I did not post the last few days because I have not been feeling well. Actually, I was feeling terrible (I hate being a woman sometimes), but I'm proud to report that I'm much better today. On Tuesday, I finally tried out the yoga kit that my mom got for me. I was highly disappointed. The DVD was not what I was expecting, but at least I now have the stretch band and the yoga ball. Seeing that I couldn't use the DVD, I decided to do some hard core stretching. It felt so good to my arms and legs! I did realize that my left leg is not strong enough for any running at the moment. This leg is the one that gives me the most trouble, so I think I need to work on making it stronger. I'm okay with this. I can start walking and eventually begin running. I'm a little sore from the stretching, but it's a good feeling!
Nehemiah is growing like a weed!
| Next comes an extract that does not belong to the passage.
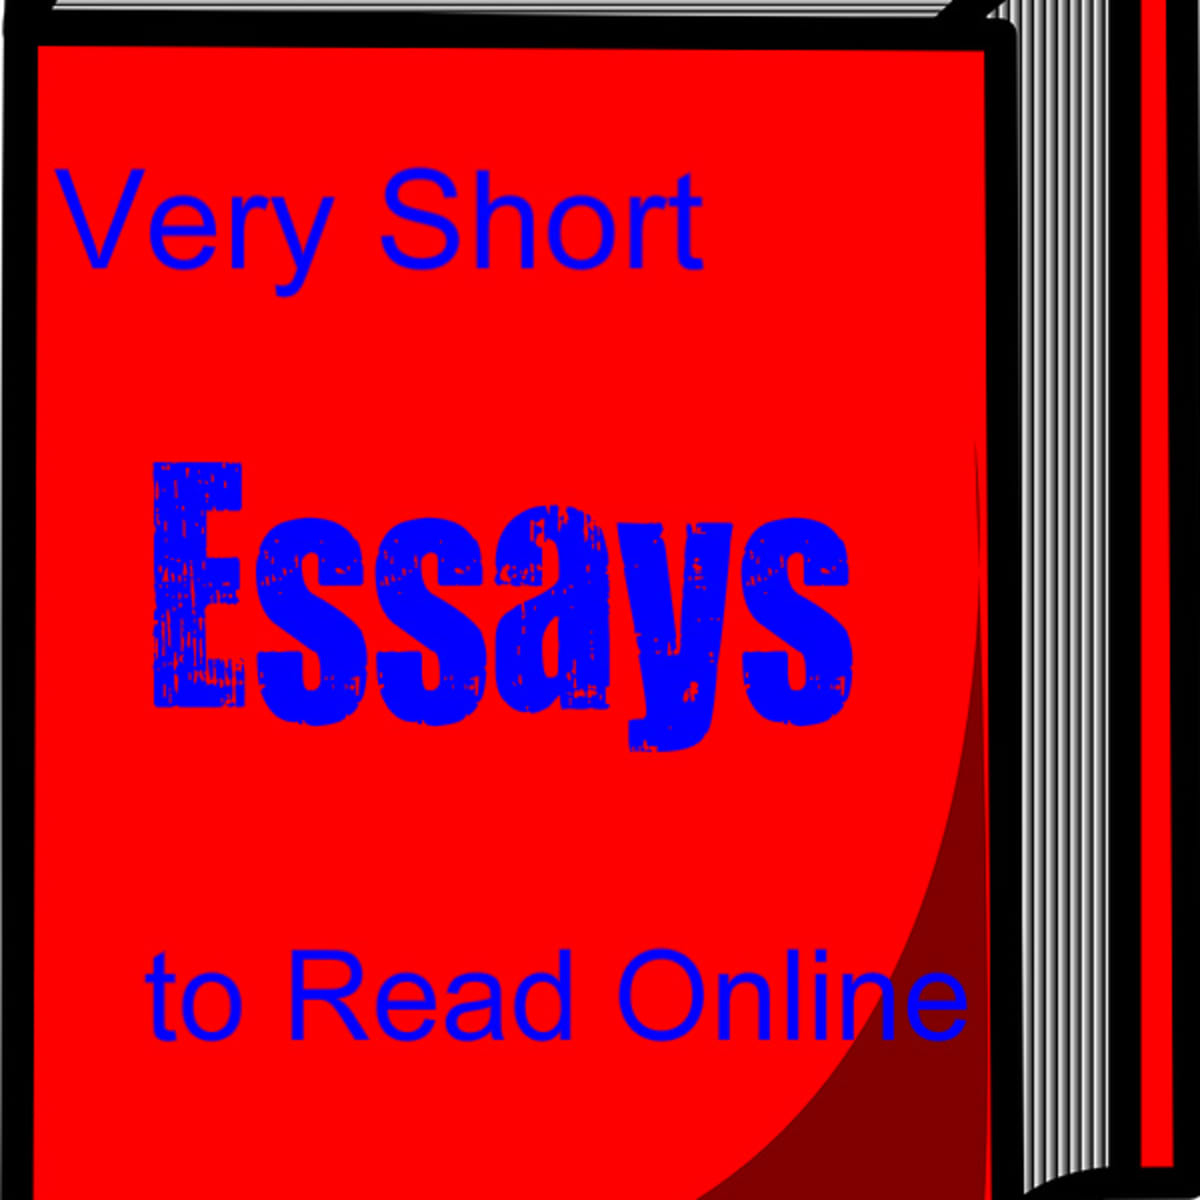 essay writer Review

It looks I will be shopping for more clothes sooner than I expected. On May 12, 2006 I found out I was pregnant. I immediately began calling the baby NuNu. Obviously I didn't know if NuNu was a boy or a girl, but the nickname just felt right. Needless to say, the nickname stuck, so we still call Nehemiah NuNu. The other morning my NuNu looked at me and said, "Mama (my heart melts whenever he calls me this), I only want to be called Nehemiah or Miah. No more NuNu cause I'm a big boy now." He did mention that Nana however could still call him NuNu! I hope that Nehemiah and Nana are still very close when he's older. I will respect Nehemiah's wishes and no longer call him NuNu.
Things with the man friend are going well, and I'm very happy. School is good, but its keeping me so busy this session. I'm taking Sociology and I absolutely love it. I have decided to get my Master's Degree in Human Relations. Human relations is the ability to work through and with others in an organization; something all managers should know how to do. I'm still not 100 % sure what I want to be when I grow up because the options are endless. I am glad that I made the choice to become a business major. I will be working on my bachelor's degree for 2 more years, but why stop there right?
Taking this Sociology class has taught me a lot about myself. For the past few years, my friend Nic has been telling me that I need to be unapologetic about my life and my choices. I have always considered what people would think about me if I did this or that. These thoughts kept me from doing things that could have made my life and Nehemiah's life much easier. No more will this be the case.
I will no longer apologize for doing whatever is necessary for Nehemiah and me to live our best lives. I will not apologize for what I believe in, for doing things that make me happy, or for any decision I make regarding my child. No more getting approval for living life the way I'm entitled to live it. I'm a grown woman and it's about time that I start putting my needs ahead of those around me. My needs have taken the back burner for so long that I began to feel like I didn't matter. Not anymore. My self-esteem issues stemmed from this, and you know what, I've come a long way, and taking care of me feels good. It makes me feel good, and when I'm happy it shows. I'm not afraid to be my real self anymore. So dear friends, this is me and my life, so you can either take it or leave it. When it comes down to it, you're either on my team or you're not.